320 F. Supp. 3d 722
D. Maryland2018Background
- Maryland filed a §126(b) petition (Nov. 26, 2016) asking EPA to find 36 upwind EGUs in five states were significantly contributing to Maryland’s nonattainment of the 2008 ozone NAAQS.
- EPA (and Administrator Pruitt) granted itself a six‑month extension under 42 U.S.C. §7607(d)(10) but failed to hold a public hearing or take final action by the extended deadline.
- Maryland and several environmental organizations sued under the CAA citizen‑suit provision, alleging EPA failed to perform a nondiscretionary duty to grant or deny the §126(b) petition within the statutory timeframe.
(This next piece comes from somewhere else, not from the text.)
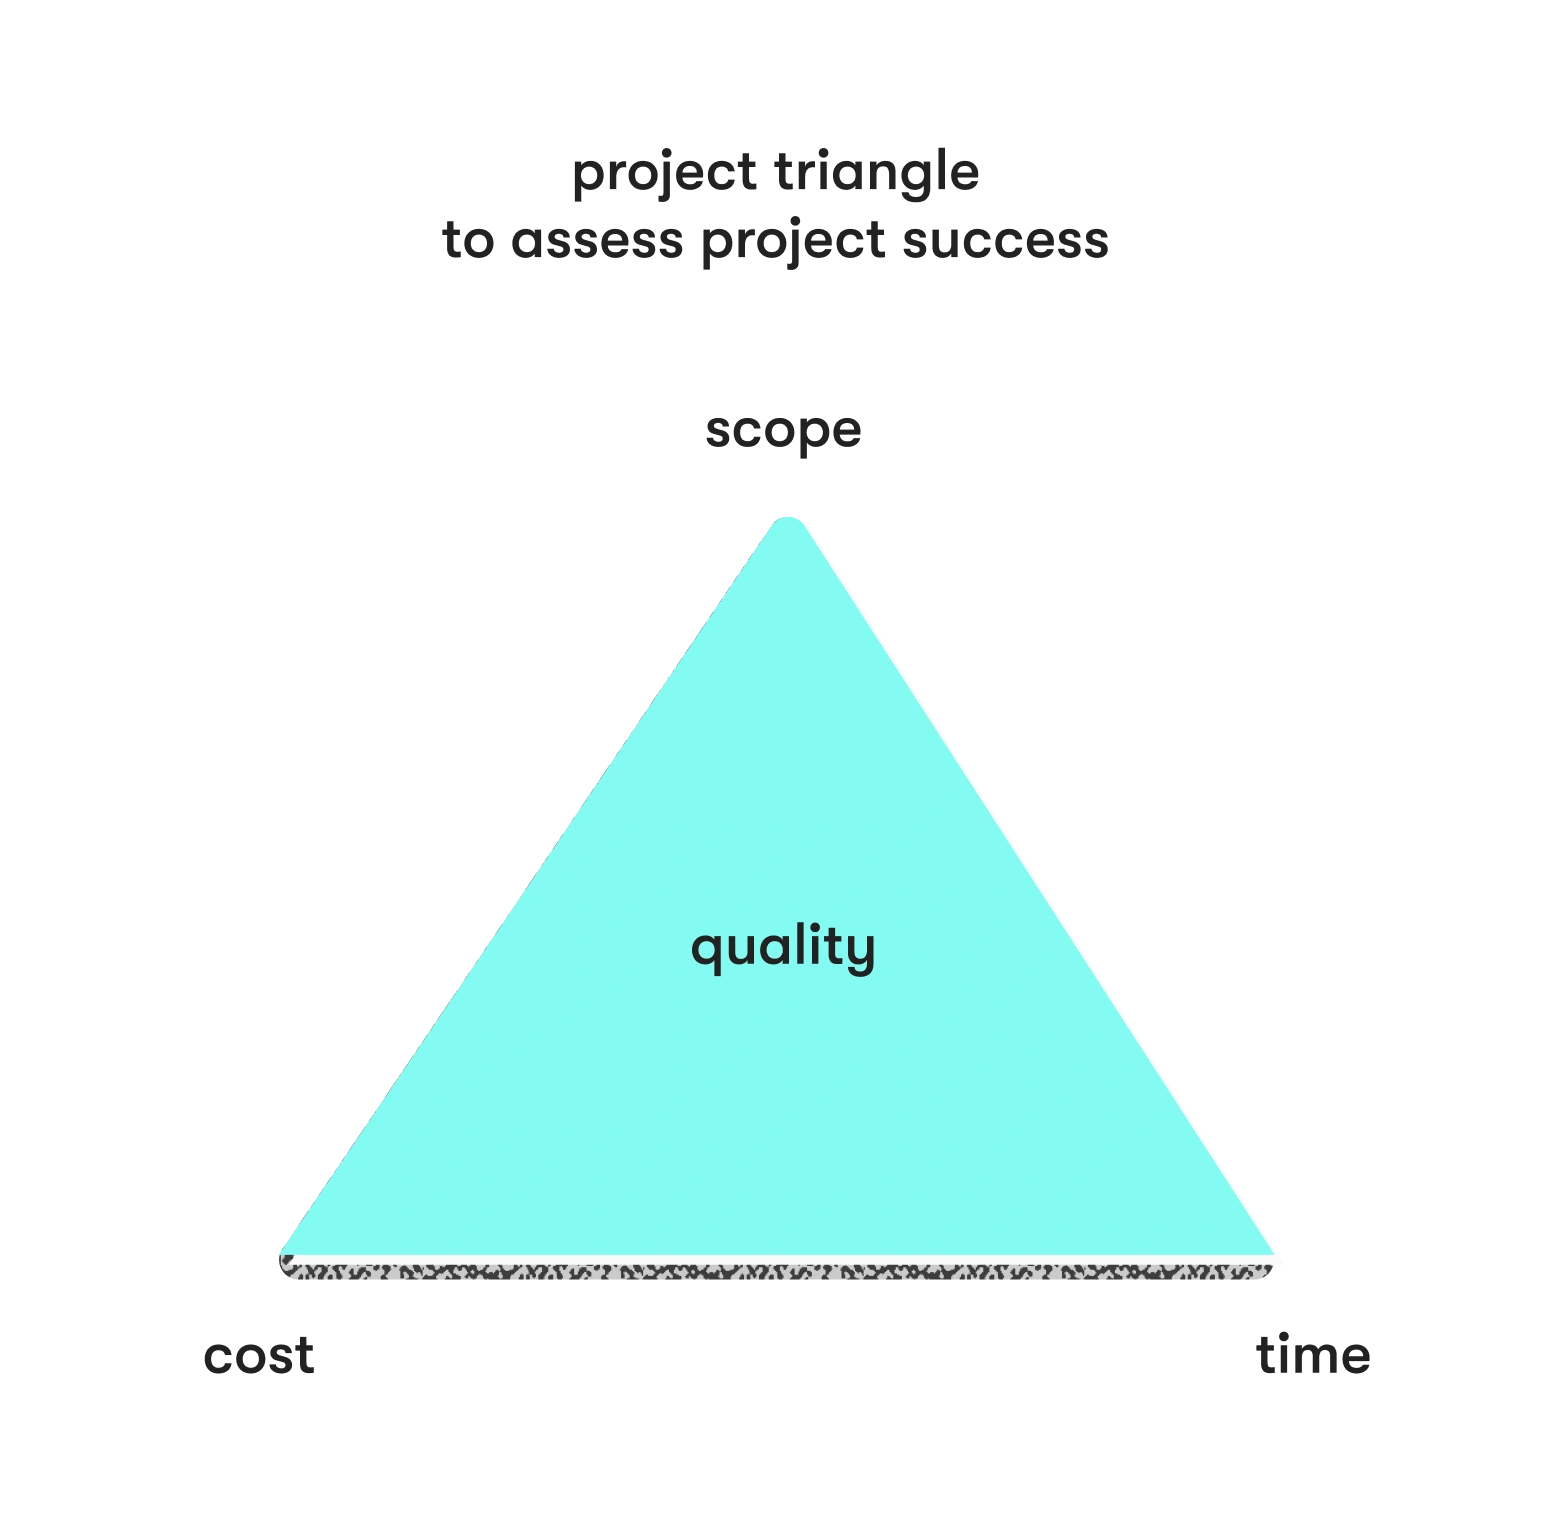 project triangle model for project success estimation

- Defendants conceded liability (failure to act) but sought an extended schedule (until Dec. 31, 2018) to take final action, citing technical complexity, internal procedures, and resource constraints.
- EPA submitted a declaration outlining its proposed multi‑step process (modeling, policy determinations, proposed Federal Register notice, hearing, comment, final action); plaintiffs submitted expert evidence disputing the necessity of the full delay.
- The Court found EPA violated a nondiscretionary statutory duty and exercised equitable power to set a shorter, enforceable deadline: final action (grant or deny) on Maryland’s petition by Sept. 15, 2018.
Issues
| Issue | Plaintiff's Argument | Defendant's Argument | Held |
|---|---|---|---|
| Whether EPA failed to perform a nondiscretionary duty under the CAA to grant or deny a §126(b) petition within the statutory time | Maryland: EPA must hold a hearing and grant or deny within 60 days; EPA missed the deadline | EPA: acknowledged failure but argued need for more time (complexity, coordination, resource limits) | Court: EPA conceded duty and liability; plaintiffs entitled to summary judgment on failure to act |
| Whether the court may order relief compelling EPA to act | Plaintiffs: Court can order performance of nondiscretionary duties under §7604(a)(2) | EPA: relief should account for practical infeasibility; requested extended schedule | Court: has equitable power to set enforceable deadlines; may extend but must scrutinize impossibility claims |
| Whether EPA demonstrated impossibility or utmost diligence to justify its proposed schedule | Plaintiffs: EPA did not show impossibility or utmost diligence; expert says EPA could expedite | EPA: complexity of ozone transport, need for new methodology/policy, pending related petitions, limited staff/resources | Court: EPA failed heavy burden to show impossibility or utmost diligence; generalized resource/priority claims insufficient |
| Appropriate remedy schedule (how long to decide) | Plaintiffs: order decision within 60 days of court order | EPA: needs until Dec. 31, 2018 to act and coordinate multiple petitions | Court: 60 days unreasonable; ordered EPA to hold hearing per its plan and take final action by Sept. 15, 2018 (compromise) |
Key Cases Cited
- Maggio v. Zeitz, 333 U.S. 56 (1948) (equity does not require impossible performance)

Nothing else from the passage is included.